Before concluding, he said, “I apologize to the families and the children I have hurt.”

photo by: Sylas May/Journal-World

Mateo Clavel Wills speaks at his sentencing hearing on Thursday, Oct. 30, 2025, in Douglas County District Court.

• • •

Pokorny told the family members that she understood their frustrations. Sometimes in the court system, she said, “it can be mystifying … how things happen, why things happen, why do we operate in this way.”

But she urged them not to cast blame for the delays in the case, such as those caused by the changes in special prosecutors.

“That was no fault of Mr. Wills, it was no fault of the state,” Pokorny said. Each new attorney had a responsibility to take their time and do things the right way, she added.

“Mr. Wills should be punished for his actions … but he should not be punished for the delays,” she said.

The cases were originally charged under Jessica’s Law, which generally carries a life sentence. But the plea agreement crafted by Ney and Chahine dropped the Jessica’s Law component and recommended a sentence of 186 months, or 15.5 years. That was the amount of prison time that Pokorny imposed on Thursday.

During the hearing, Chahine said the parties had tried to craft their recommendation so that, with good-time credit, there was a possibility that Wills could be released after 10 years.

But Pokorny said that, no matter when Wills gets out, the conviction will follow him. He will have to register as a violent offender and a sex offender for life.

“There is no end to this sentence after X number of years,” she said.

• • •

For the parents, no sentence could undo what the girls went through.

The younger girl’s mother said it was possible that Wills could get out of prison by the time the girl was 16. When the crimes occurred, she recalled, her daughter was “so young and so small.”

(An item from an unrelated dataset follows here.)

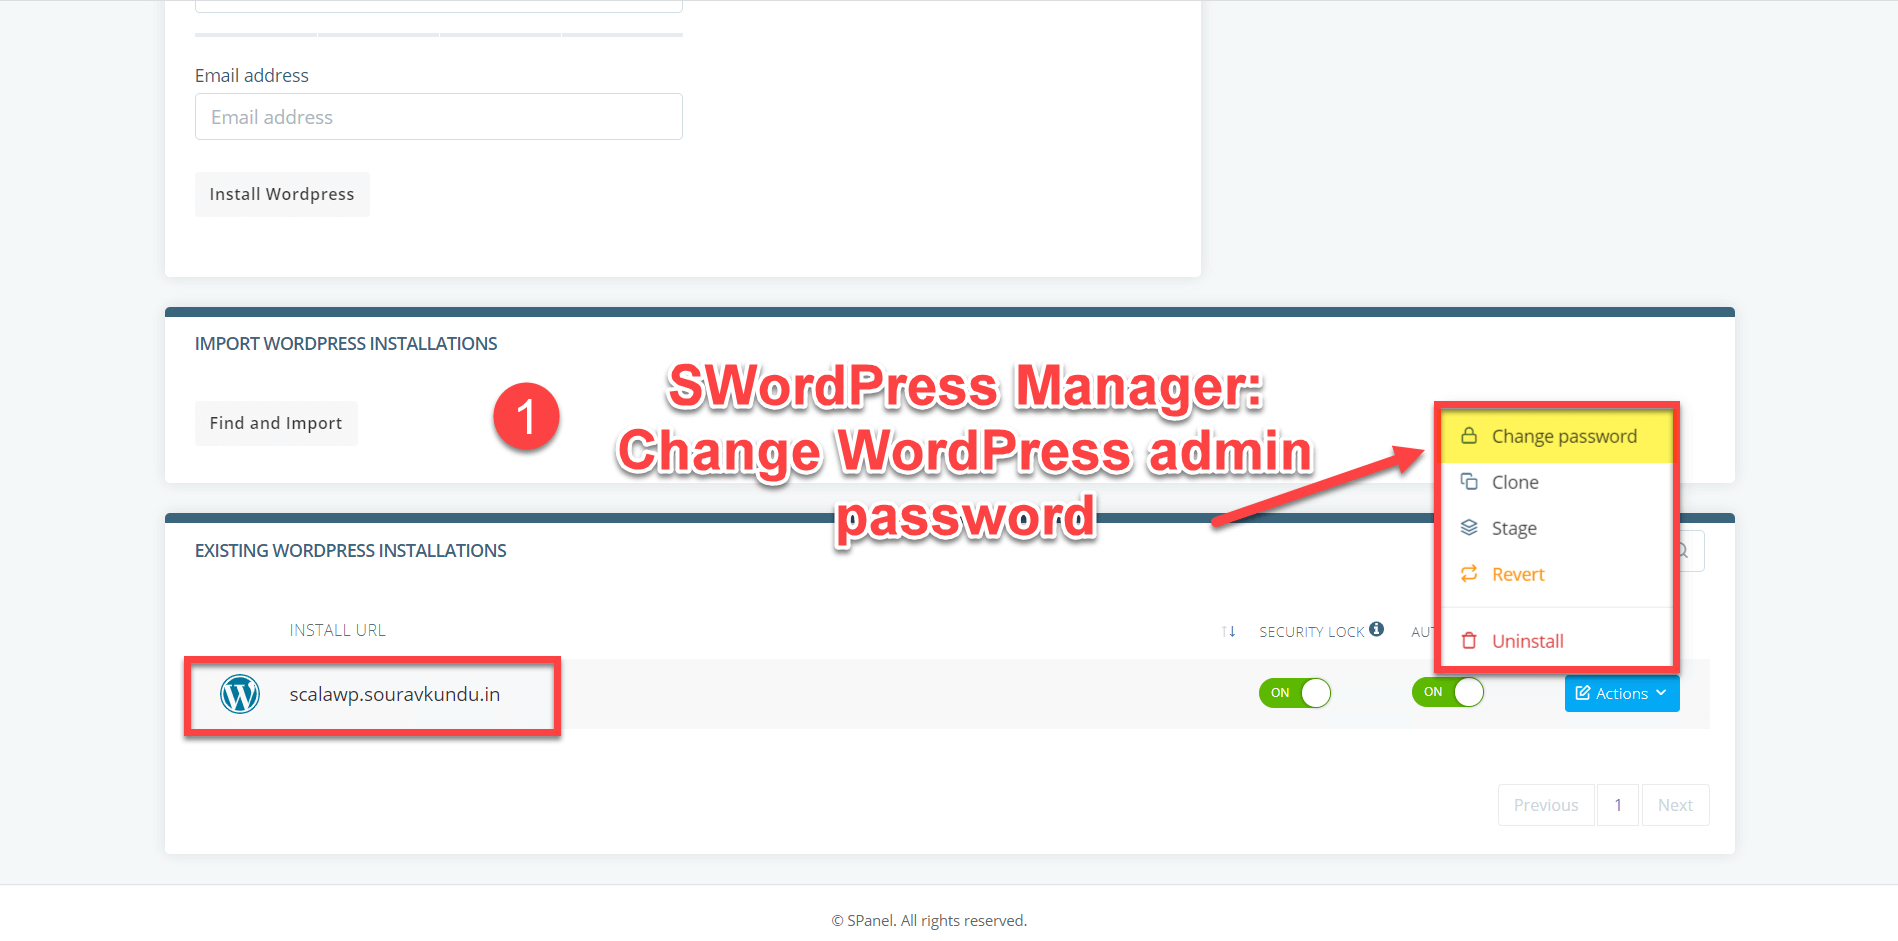 scala swordpress manager options - change wordpress admin password 1
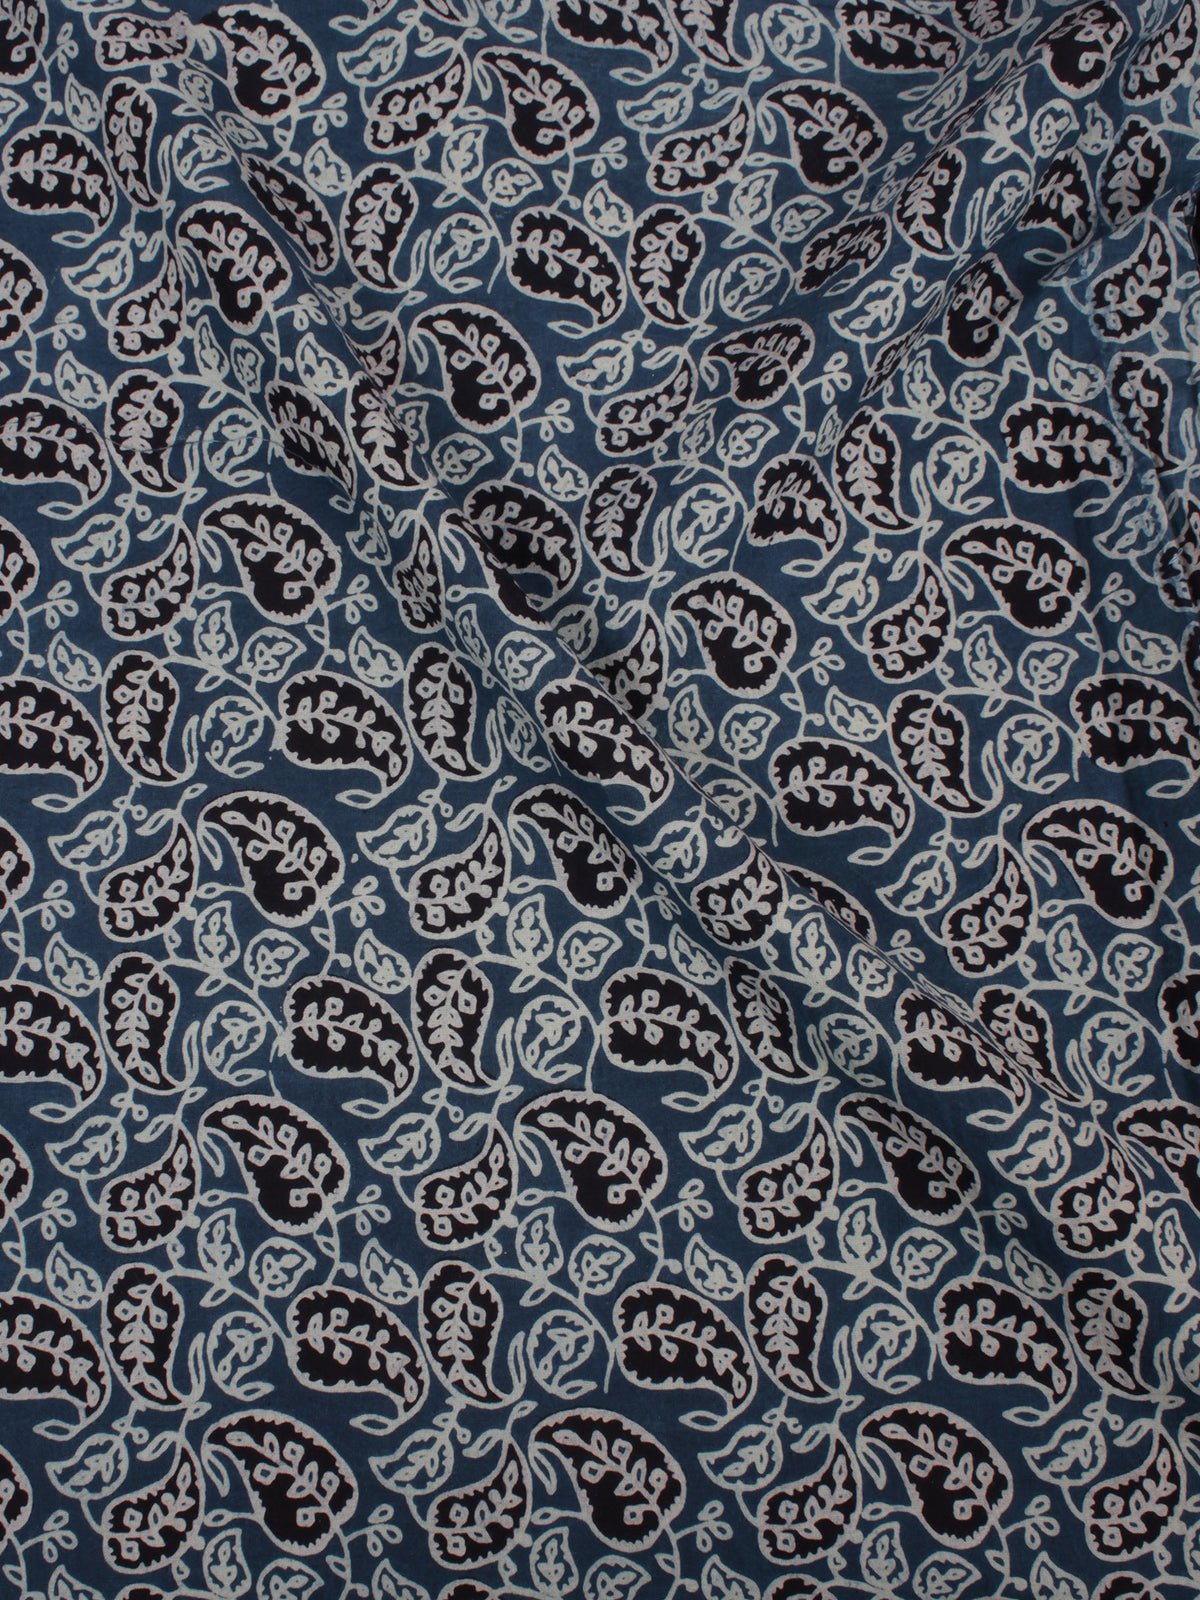 Blue Ivory Black Ajrakh Block Printed Cotton Fabric Per Meter - F0916676

Sometimes, she said, her daughter would wear multiple pairs of underwear to school. At first, she thought it had something to do with her adjustment to potty training.

Later, she said, she learned the real reason: The girl was trying to make it harder for Wills to touch her.

Years later, her daughter still feels the consequences of Wills’ actions.

“When she hears the name Mateo, it has an effect on her,” the mother said.

One time, she said, the girl insisted that the radio be turned off when a certain song came on. The reason was that “this is the song that played at nap time … every day, and I don’t like it.”

Her father also spoke on Thursday, though he said he hadn’t prepared any “eloquent” statement. This situation didn’t deserve that, he said; it just deserved “disjointed, vitriolic outbursts.”

“This is a surreal thing,” he said.

He mentioned his daughter’s emotional outbursts and said he would never know whether they were normal behavior for a growing child or a lingering effect of Wills’ actions.

“His abuse is a part of who she is now,” he said.

They had wrestled with their own feelings about what had happened to the girl, as well. “I feel like we let her down,” the mother said.

Pokorny, who called the families’ statements “heartbreaking,” sympathized.

“I understand, as a parent, that guilt,” she said.

But the mother also spoke about her daughter’s courage for speaking up and telling authorities the story of what happened. She called her “a hero” and said she likely saved other kids from having to bear the same burden she did.

“If you ask me,” the mother said, “the only thing she should have on her back is a superhero cape.”